Non-ready test section 461,462,463 is input with the latent period of institute's instructions stored the instruction buffer of exporting respectively from cycle decoder portion 451,452,453 401,402,403 and from the resource information by institute's instructions stored definition the instruction buffer 401,402,403 that resource lsb decoder 411,412,413 is exported respectively; In latent period is 2 when above, is judged to be the cycle of resource after the granting of instruction group of each instruction definition non-ready.That is to say that in the cycle (following one-period) after the instruction group is provided, determining can't be with reference to perhaps defining its resource.
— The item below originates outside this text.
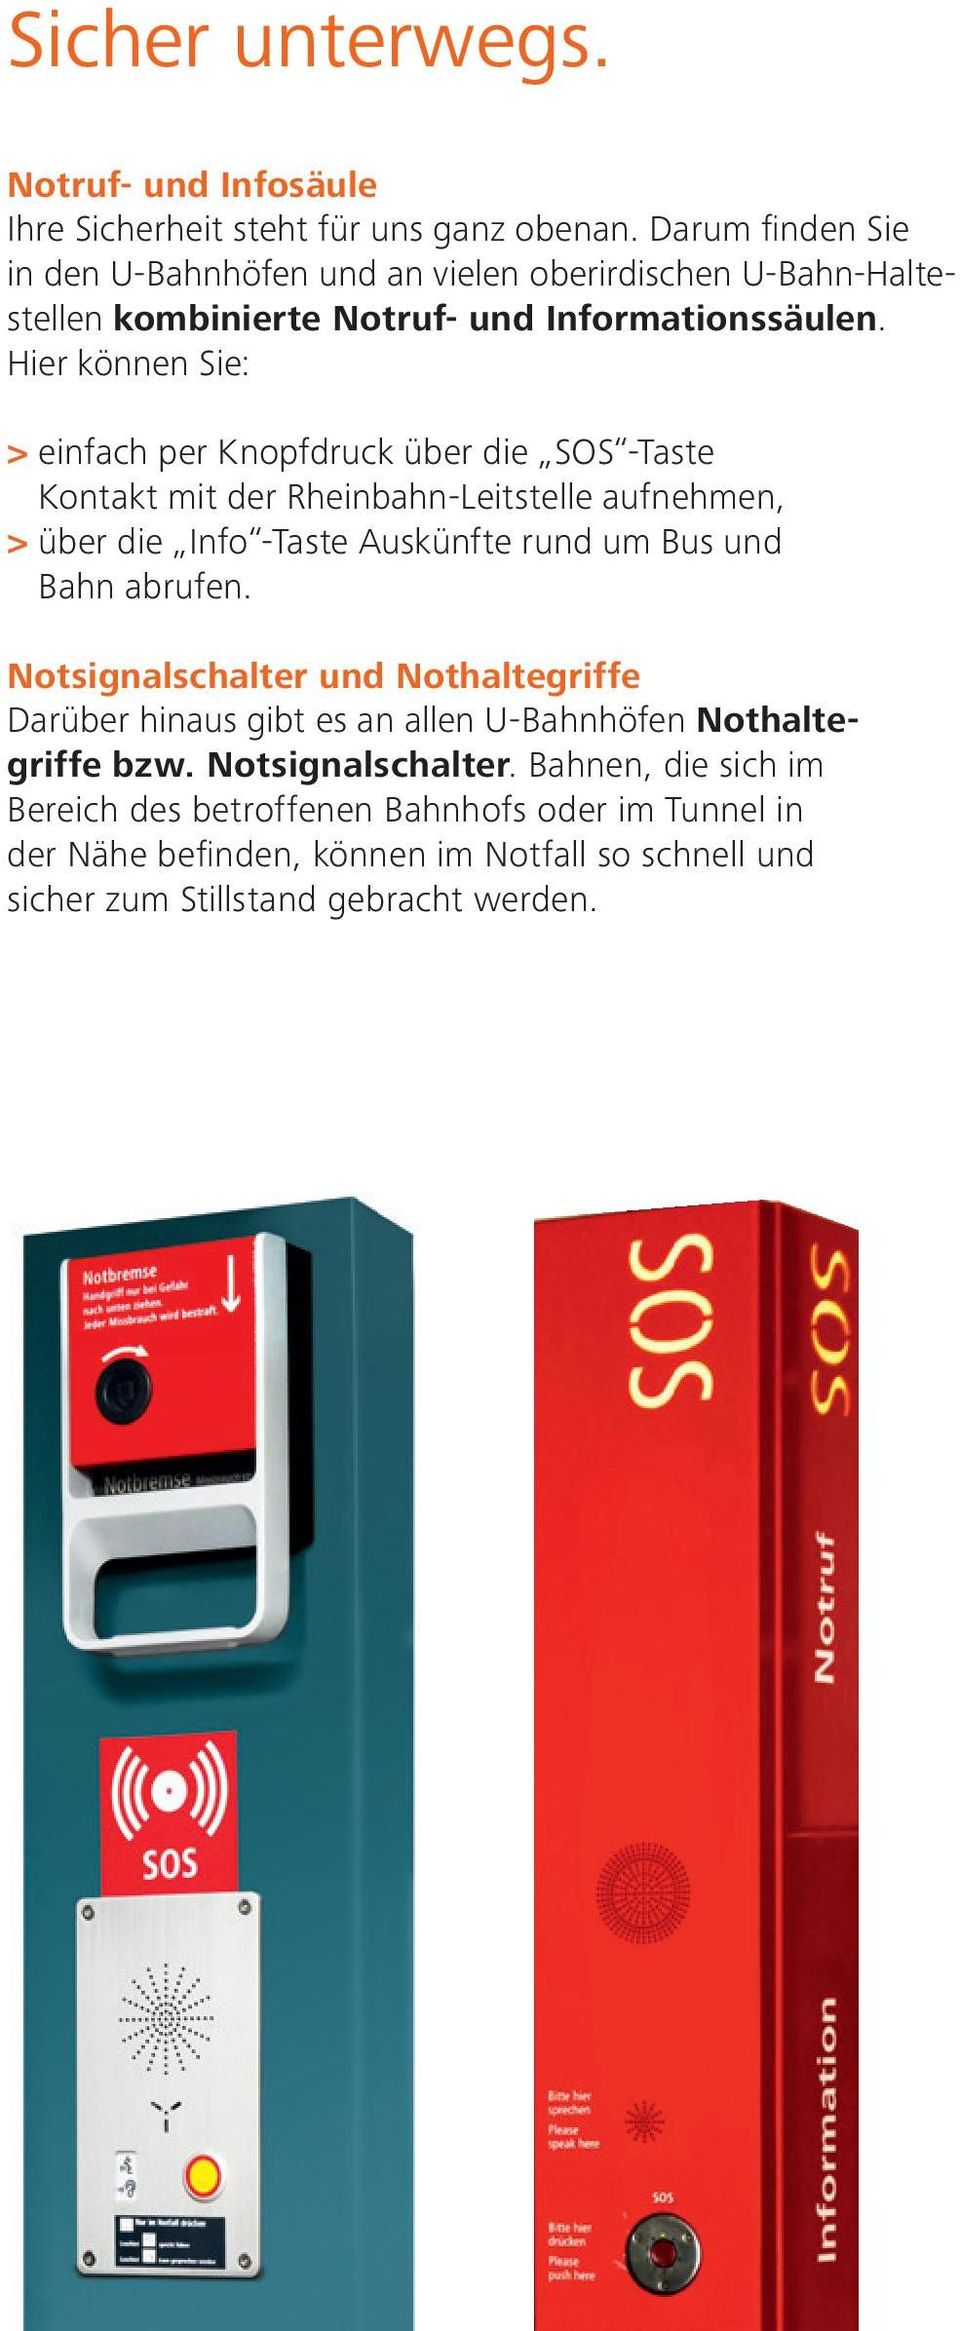 Hier können Sie: > einfach per Knopfdruck über die SOS -Taste Kontakt mit der Rheinbahn-Leitstelle aufnehmen, > über die Info -Taste Auskünfte rund um Bus und Bahn

Concrete condition is following.
For example, be made as and in instruction buffer 401, storing instruction code [ld r1, (r4+)].This instruction is that be 2 latent period with the instruction of value defined in register r1 of the storer of the address through coming appointment with reference to register r4.Thereby, in the cycle of register r1 after the ld instruction is provided by this instruction definition, be judged to be non-ready.
Being judged to be above-mentioned non-ready resource (register r1) is logined in resource status storage list 470.
Here, describe for resource status storage list 470.Fig. 5 is the accompanying drawing of expression resource status storage list 470 1 examples.Resource status storage list 470 is the memory storages by each resource storage resource status, is storing resource number 471, ready flag 472 and non-ready lasting periodicity 473 by each resource.
Ready flag 472 is that can expression begin the sign with reference to resource from next issue cycle.Be under 1 the situation at ready flag 472, expression can begin immediately to that is to say not right and wrong ready (being ready) of resource with reference to resource from next issue cycle.Be under 0 the situation at ready flag 472, expression can not begin immediately to that is to say that with reference to resource the resource right and wrong are ready from next issue cycle.
The periodicity of the non-ready state continuance of non-ready lasting periodicity 473 expressions.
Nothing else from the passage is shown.